O rapaz caminhou pelo pátio procurando o tal gato, verificando
se o bicho estaria em algum canto mal iluminado. Com a porta encostada e só com
a cabeça pra fora, Carol acompanhou a inspeção do aluno, atenta. Por fim, ele
voltou para dentro da casa e pôs a vassoura de volta no lugar.
— Acho que ele fugiu. Mas, professora... Eu não entendi bem
uma coisa. A senhora disse que o seu marido matou o bicho? Então como ele
voltou?
Nem Carol sabia o que responder. O gato estava morto quando
Mauro o pôs dentro do saco. O lixão ficava longe, bem longe. Não, devia ser outro
gato parecido. Ou somente sua imaginação fértil e histérica.

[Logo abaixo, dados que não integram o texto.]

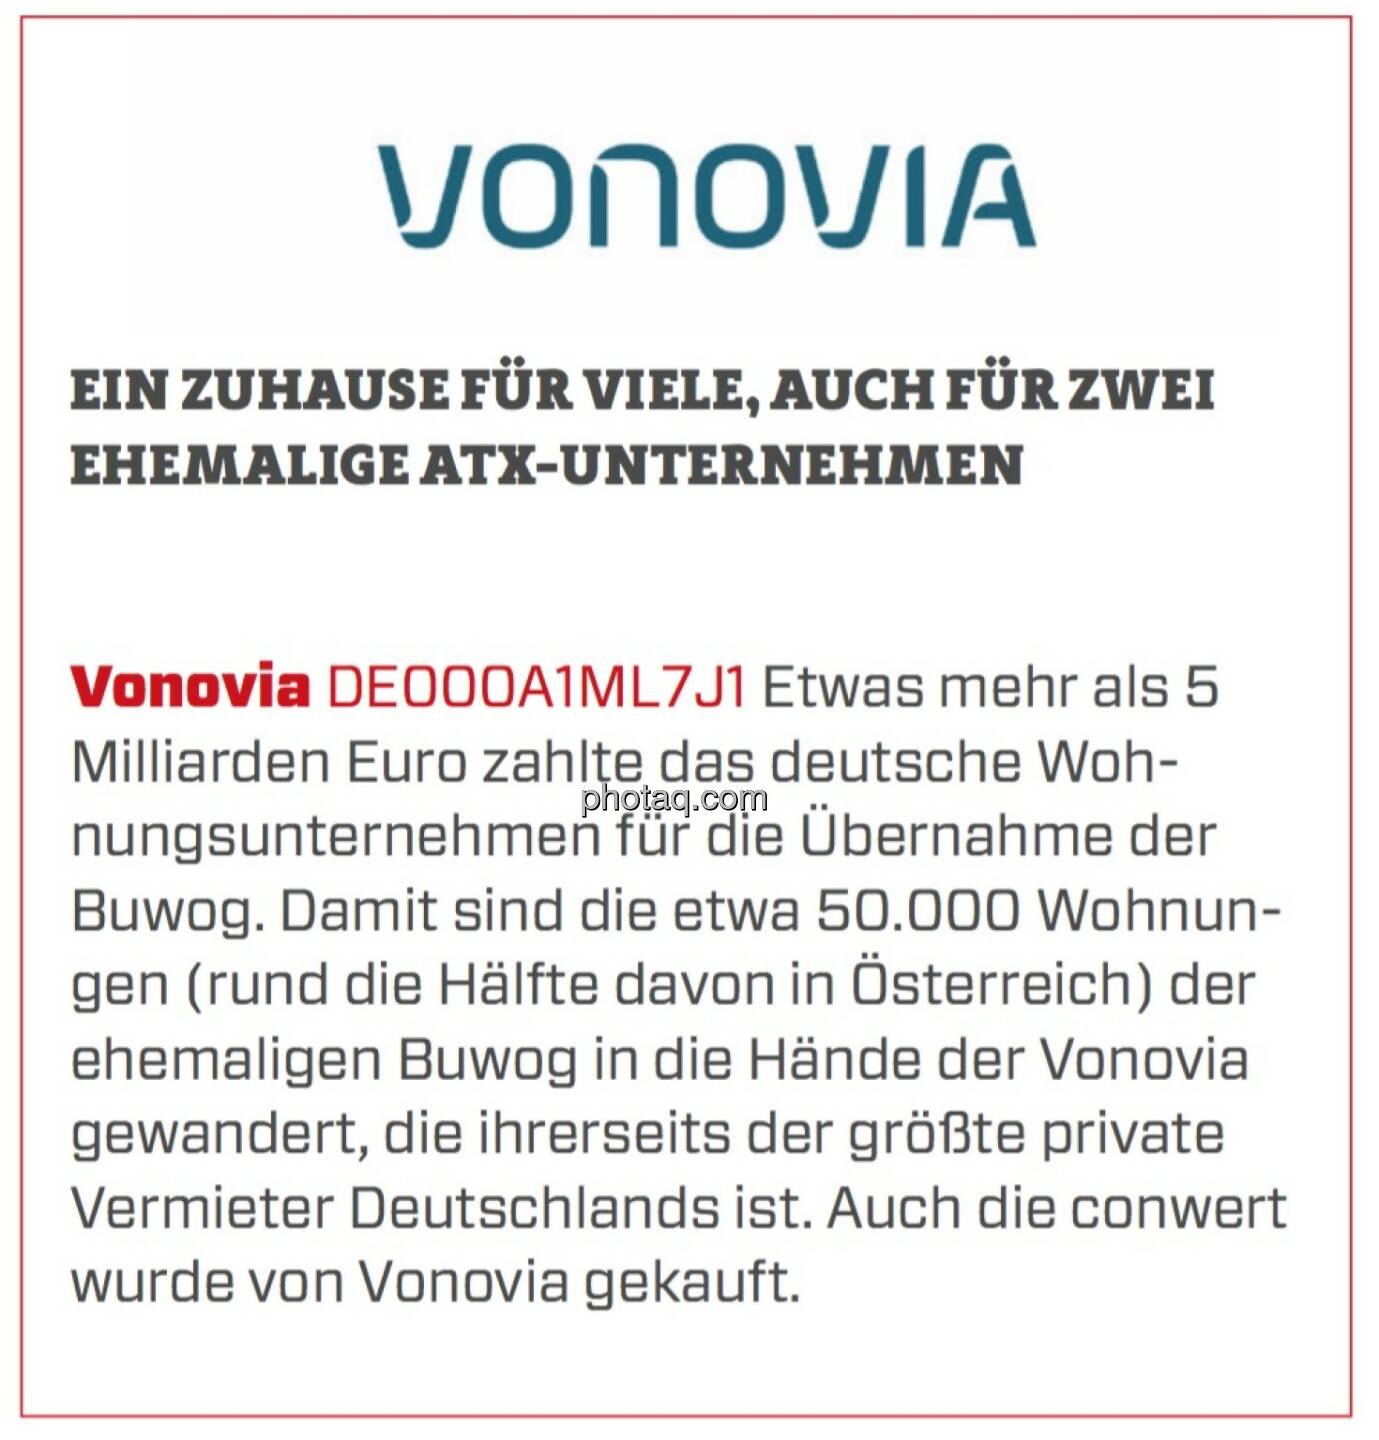 Vonovia - Ein Zuhause für viele, auch für zwei ehemalige ATX-Unternehmen: Etwas mehr als 5 Milliarden Euro zahlte das deutsche Wohnungsunternehmen für die Übernahme der Buwog. Damit sind die etwa 50.000 Wohnungen (rund die Hälfte davon in Österreich) der ehemaligen Buwog in die Hände der Vonovia gewandert, die ihrerseits der größte private Vermieter Deutschlands ist. Auch die conwert wurde von Vonovia gekauft.

— Muito obrigada, Guilherme – Carol ignorou a pergunta e com
uma das mãos nas costas do rapaz conduziu-o até a porta da frente. — Acho que
ando assistindo muitos filmes de terror.
— Pode me chamar se for preciso, professora – Guilherme só
faltou bater continência. — Estarei aqui em dois segundos.
Ela agradeceu e o rapaz foi embora. Zonza, ela sentou no
sofá, encolhida, e esperou o marido voltar.